[What the exercise asks]: What's needed is an exact copy of all the data below, without pictures.

[Data segment]:
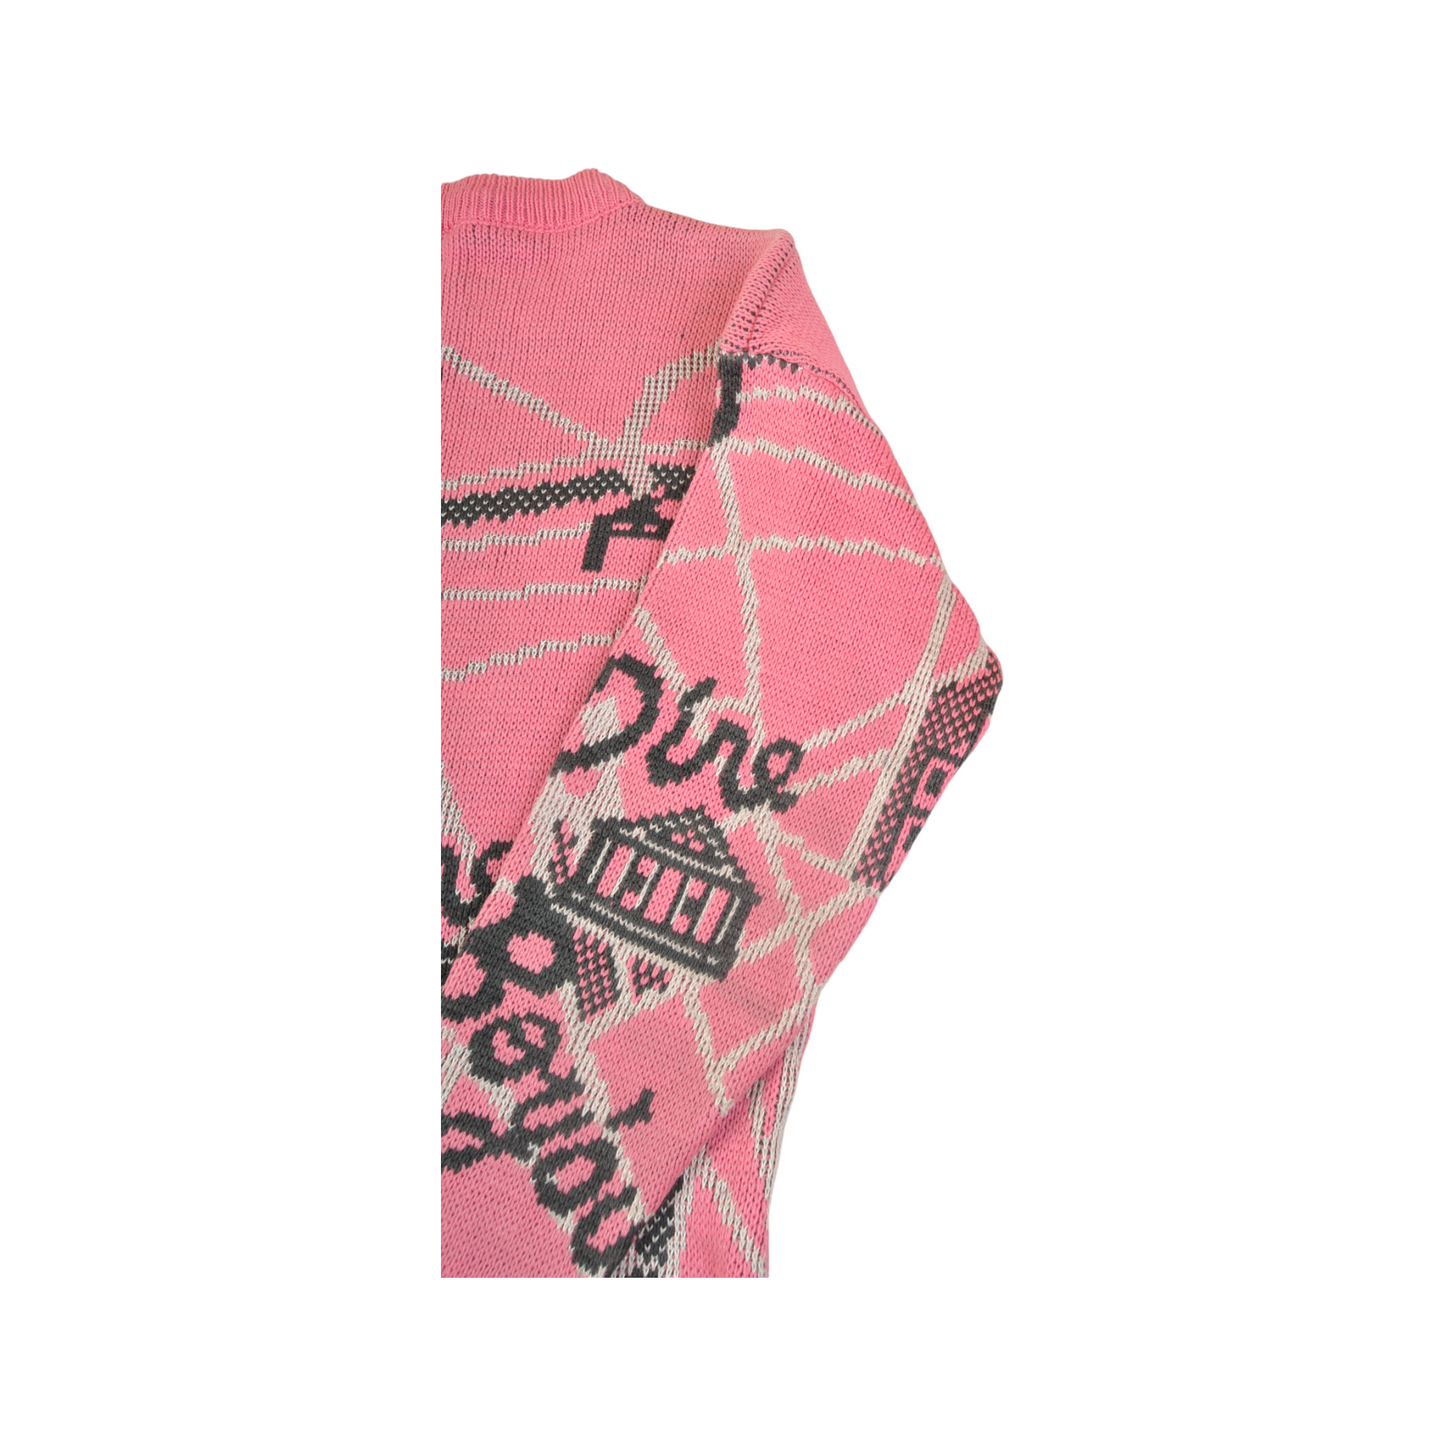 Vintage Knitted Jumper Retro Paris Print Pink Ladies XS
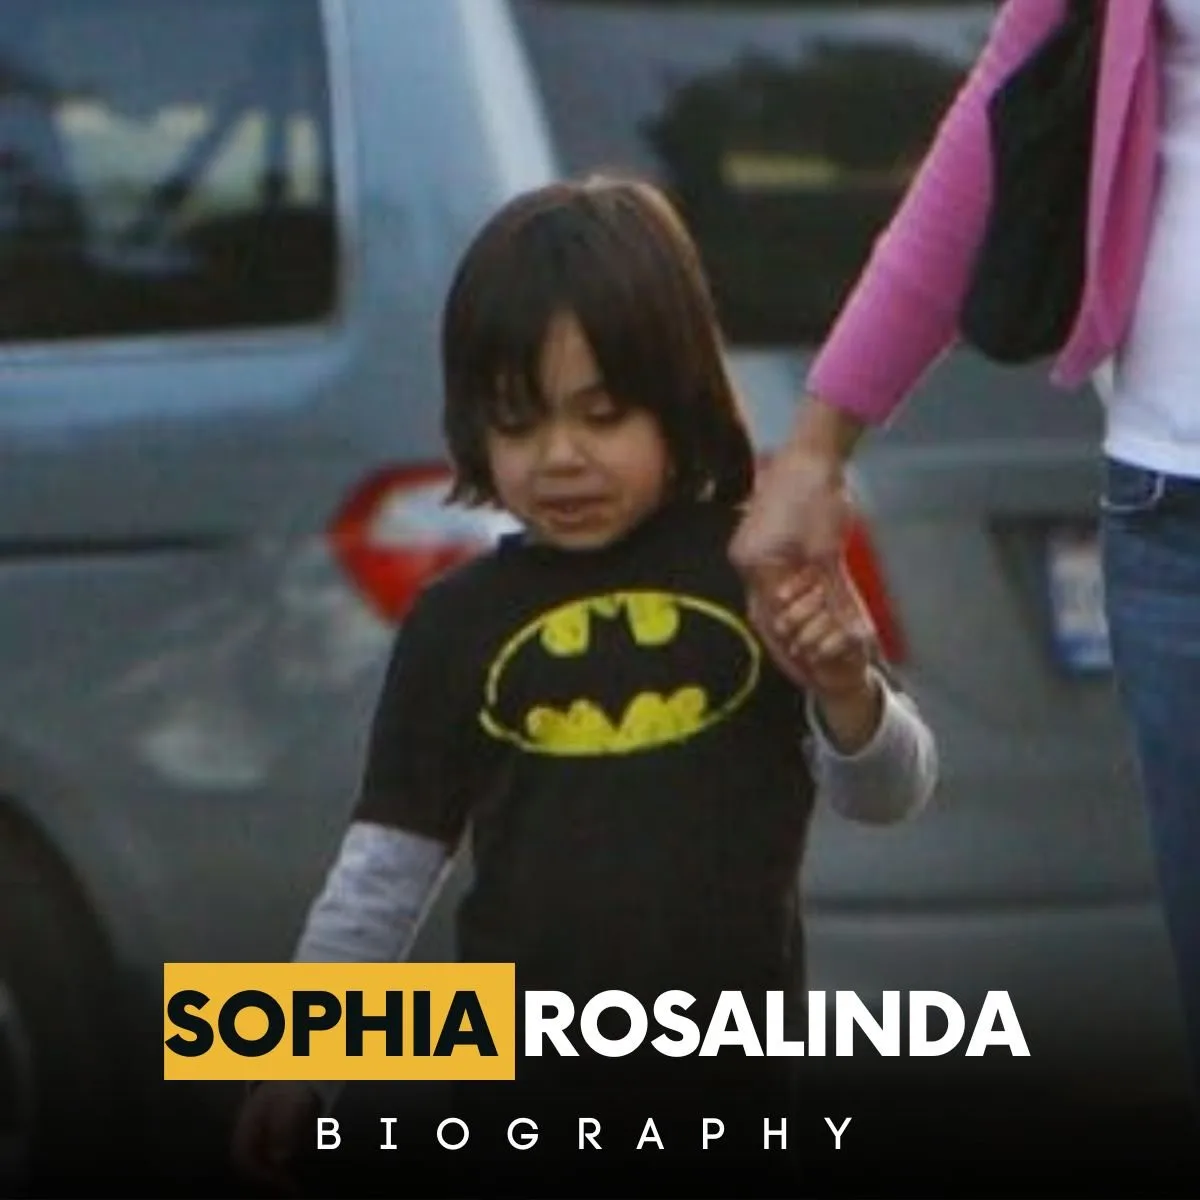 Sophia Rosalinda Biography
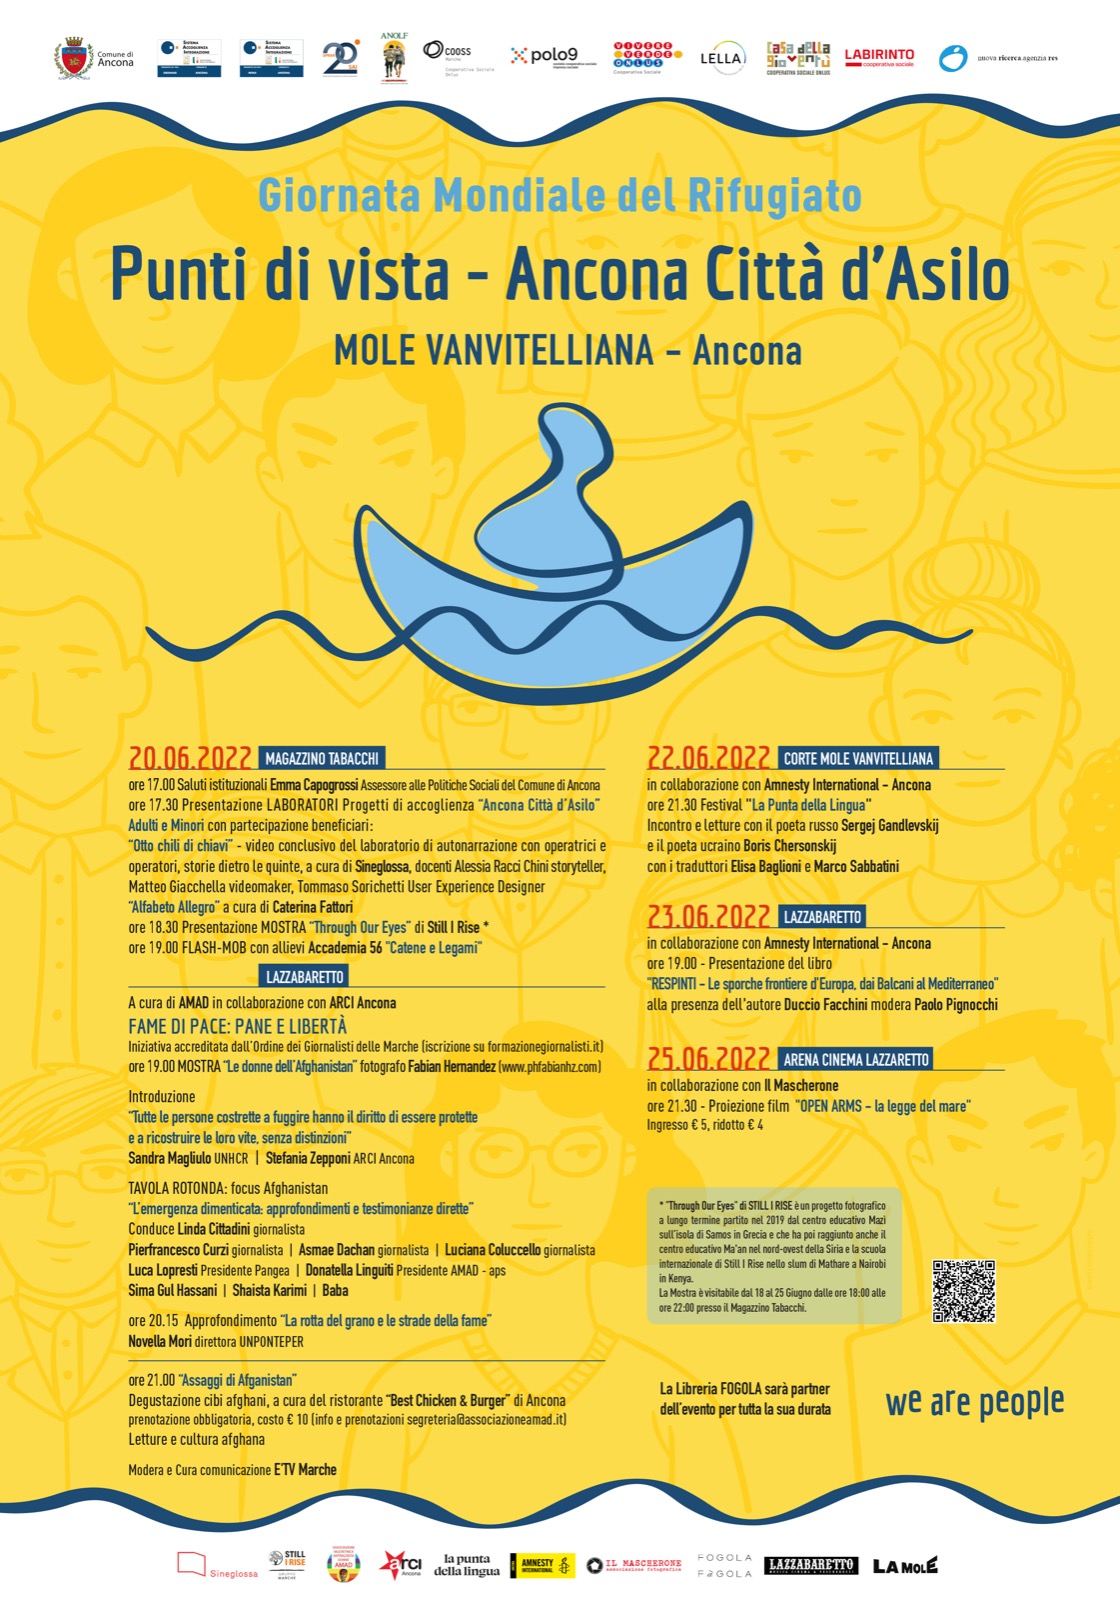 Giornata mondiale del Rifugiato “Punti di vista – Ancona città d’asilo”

[Solution]:
 Vintage Knitted Jumper Retro Paris Print Pink Ladies XS
 Sophia Rosalinda Biography
 Giornata mondiale del Rifugiato “Punti di vista – Ancona città d’asilo”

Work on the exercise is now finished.